> [YOUR INSTRUCTIONS]: Beginning at the line containing "- Teddymuffs Designs", restate each line of the listing below word for word until the last one has been given.
# # # # # # #
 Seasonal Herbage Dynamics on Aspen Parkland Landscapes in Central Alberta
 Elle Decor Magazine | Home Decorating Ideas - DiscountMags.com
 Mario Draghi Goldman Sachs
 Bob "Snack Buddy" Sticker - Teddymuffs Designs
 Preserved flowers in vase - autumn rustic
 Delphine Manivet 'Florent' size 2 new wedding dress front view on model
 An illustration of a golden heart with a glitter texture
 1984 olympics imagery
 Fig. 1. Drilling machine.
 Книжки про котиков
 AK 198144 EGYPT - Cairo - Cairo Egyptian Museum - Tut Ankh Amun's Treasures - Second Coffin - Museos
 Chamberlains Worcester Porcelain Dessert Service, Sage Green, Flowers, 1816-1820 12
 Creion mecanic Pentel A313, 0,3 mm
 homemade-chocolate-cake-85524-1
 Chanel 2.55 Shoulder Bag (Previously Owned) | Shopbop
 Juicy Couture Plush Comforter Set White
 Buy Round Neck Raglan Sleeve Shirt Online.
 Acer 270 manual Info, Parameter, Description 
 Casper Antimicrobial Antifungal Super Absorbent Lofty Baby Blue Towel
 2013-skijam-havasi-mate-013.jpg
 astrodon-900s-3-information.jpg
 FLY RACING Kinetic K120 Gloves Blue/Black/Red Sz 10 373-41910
# # # # # # #
> [REPLY]:
 Bob "Snack Buddy" Sticker - Teddymuffs Designs
 Preserved flowers in vase - autumn rustic
 Delphine Manivet 'Florent' size 2 new wedding dress front view on model
 An illustration of a golden heart with a glitter texture
 1984 olympics imagery
 Fig. 1. Drilling machine.
 Книжки про котиков
 AK 198144 EGYPT - Cairo - Cairo Egyptian Museum - Tut Ankh Amun's Treasures - Second Coffin - Museos
 Chamberlains Worcester Porcelain Dessert Service, Sage Green, Flowers, 1816-1820 12
 Creion mecanic Pentel A313, 0,3 mm
 homemade-chocolate-cake-85524-1
 Chanel 2.55 Shoulder Bag (Previously Owned) | Shopbop
 Juicy Couture Plush Comforter Set White
 Buy Round Neck Raglan Sleeve Shirt Online.
 Acer 270 manual Info, Parameter, Description 
 Casper Antimicrobial Antifungal Super Absorbent Lofty Baby Blue Towel
 2013-skijam-havasi-mate-013.jpg
 astrodon-900s-3-information.jpg
 FLY RACING Kinetic K120 Gloves Blue/Black/Red Sz 10 373-41910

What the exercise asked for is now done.